If you plan to use ovirt-nodes, than you'll have to follow the above
link. If you're planning to work with standard hosts, I'm almost
sure you won't need it.

Let me know what you need and we'll work it out.
(please note that I'll be in a holiday in the coming
days, so my responses may by delayed).

On 24/04/12 20:29, Sharad Mishra wrote:
> 
> Quoting Doron Fediuck <dfediuck at redhat.com>:
> 
>> Please explain "from source"-
>> - Did you run maven using dep and started JBoss?
> 
> yes, I followed the steps at http://www.ovirt.org/wiki/Building_Ovirt_Engine section "Building oVirt-engine from source".
> 
> -Sharad
> 
>> or
>> - Did you create RPM's and used yum install?
>>
>> On 23/04/12 22:28, Sharad Mishra wrote:
>>>
>>> Quoting Doron Fediuck <dfediuck at redhat.com>:
>>>
>>>> Thanks.
>>>> Unfortunately the keystore is the most important file in the PKI
>>>> area. Please try to recall your actions, and try to look for the
>>>> keystore in case you moved / change folders or anything alike.
>>>>
>>>> Currently, the only valid solution for a lost keystore is re-installation.
>>>
>>> I reinstalled ovirt-engine from source on a fresh rhel6.2 machine. I still do not see .keystore in /etc/pki/ovirt-engine. Now I get FileNotFoundException but engine is running.
>>>
>>> 2012-04-23 11:21:14,900 ERROR [org.ovirt.engine.core.engineencryptutils.EncryptionUtils] (MSC service thread 1-15) Failed to decryptjava.io.FileNotFoundException: .keystore (No such file or directory)

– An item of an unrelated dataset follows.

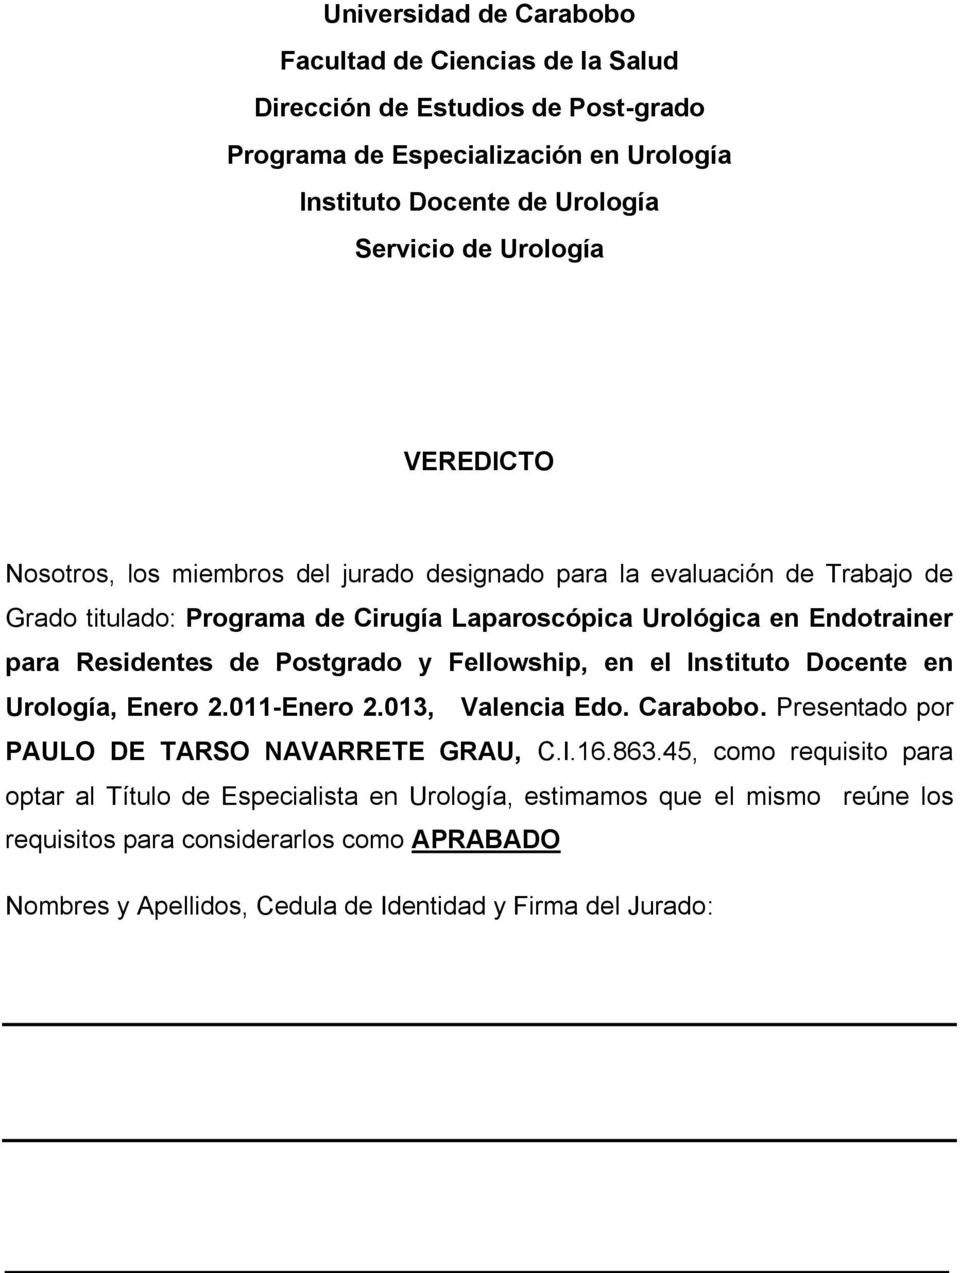 Postgrado y Fellowship, en el Instituto Docente en Urología, Enero 2.011-Enero 2.013, Valencia Edo. Carabobo. Presentado por PAULO DE TARSO NAVARRETE GRAU, C.I.16.863.
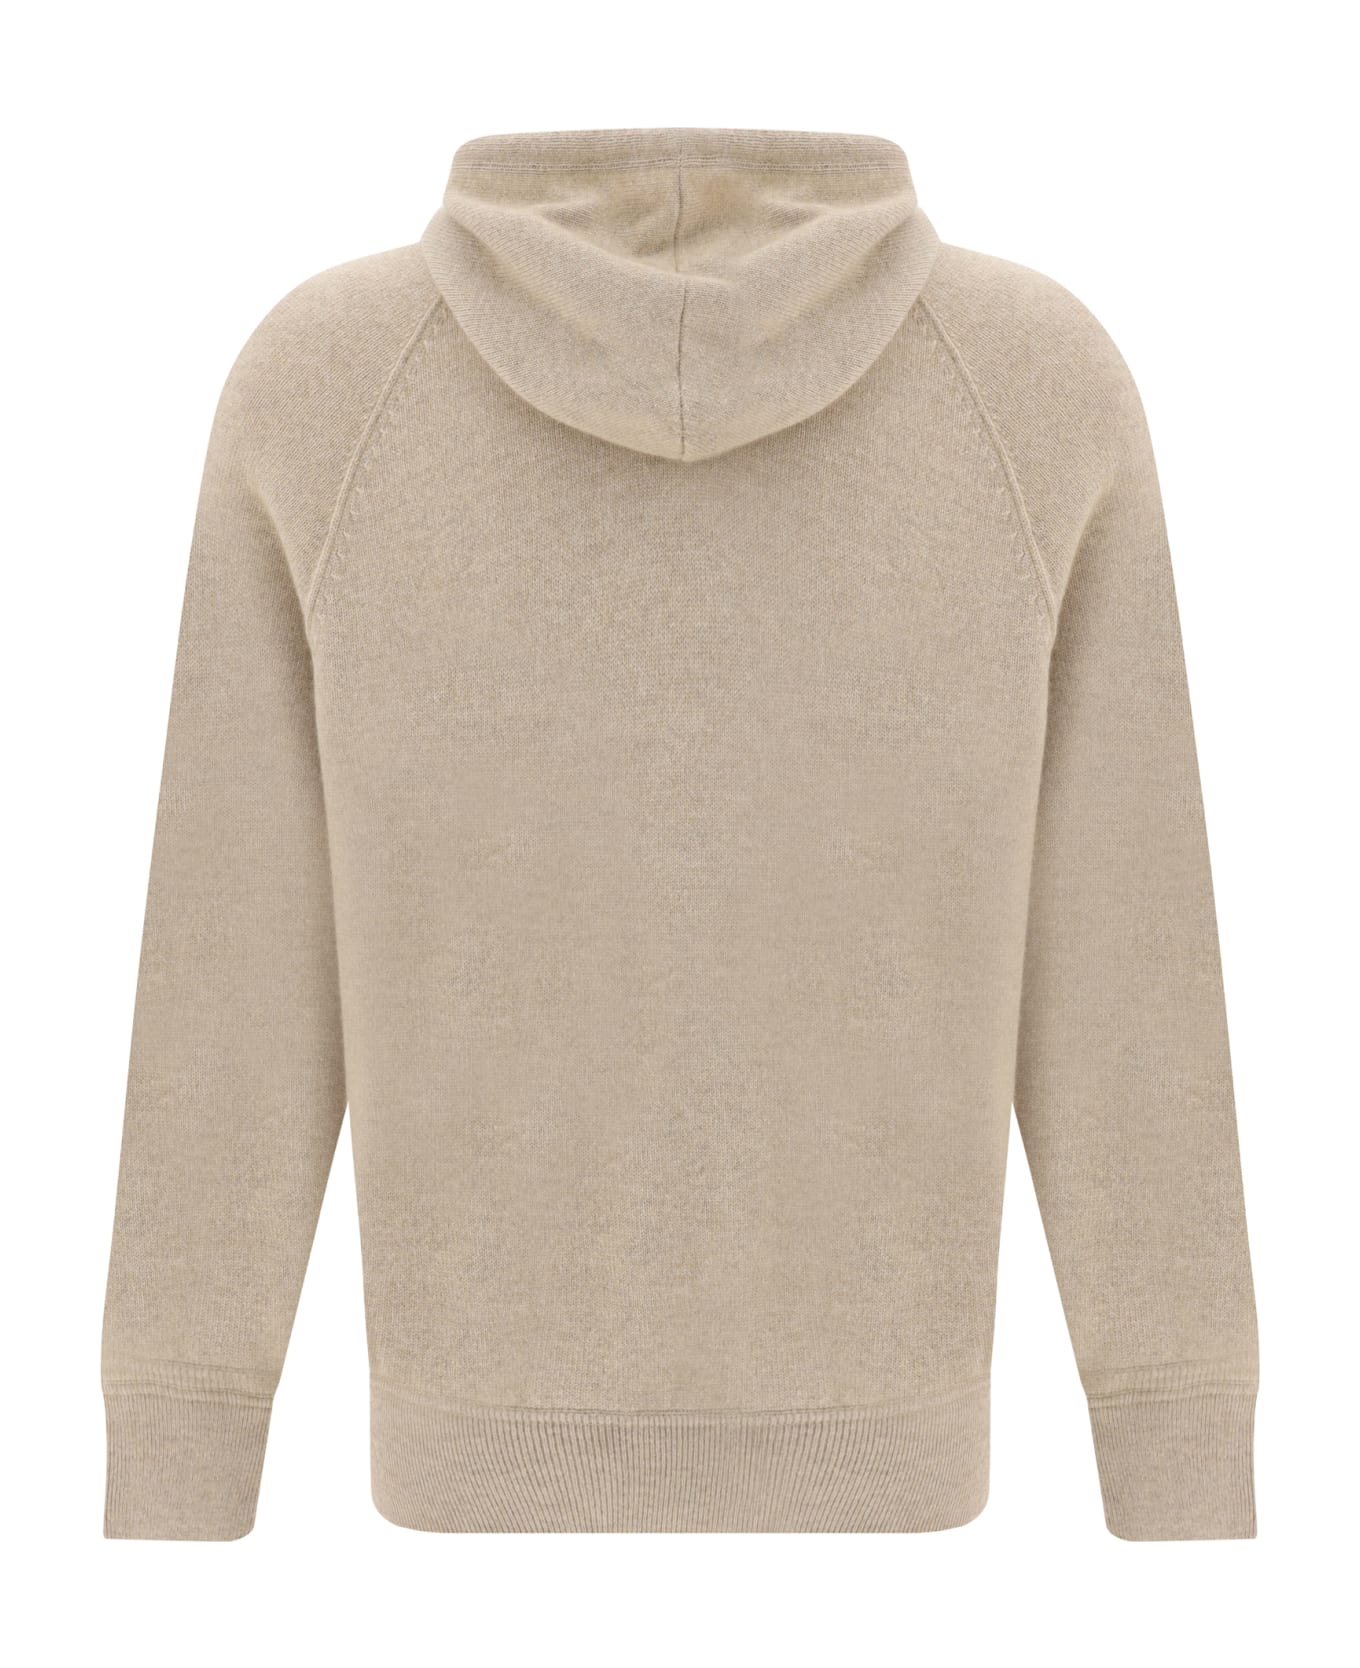 Brunello Cucinelli Cashmere Hooded Sweater - Beige フリース

>>> 2012-04-23 11:21:14,900 ERROR [org.ovirt.engine.core.dal.dbbroker.generic.DBConfigUtils] (MSC service thread 1-15) Failed to decrypt value for property AdminPassword will be used encrypted value
>>> 2012-04-23 11:21:14,902 INFO  [org.ovirt.engine.core.bll.Backend] (MSC service thread 1-15) VDSBrokerFrontend: 4/23/12 11:21 AM
>>>
>>> -Sharad Mishra
>>>
>>>>
>>>> On 19/04/12 22:40, snmishra at linux.vnet.ibm.com wrote:
>>>>>
>>>>> Quoting Doron Fediuck <dfediuck at redhat.com>:
>>>>>
>>>>>> Please check again using ls -la on that folder.
>>>>>
>>>>> Yes, I did run "ls -la" :-)
>>>>>
>>>>> -Sharad Mishra
>>>>>
>>>>>>
>>>>>> Sent from my Android phone. Please ignore typos.
>>>>>>
>>>>>> -----Original Message-----
>>>>>> From: snmishra at linux.vnet.ibm.com
>>>>>> Received: Thursday, 19 Apr 2012, 20:38
>>>>>> To: Ofer Schreiber [oschreib at redhat.com]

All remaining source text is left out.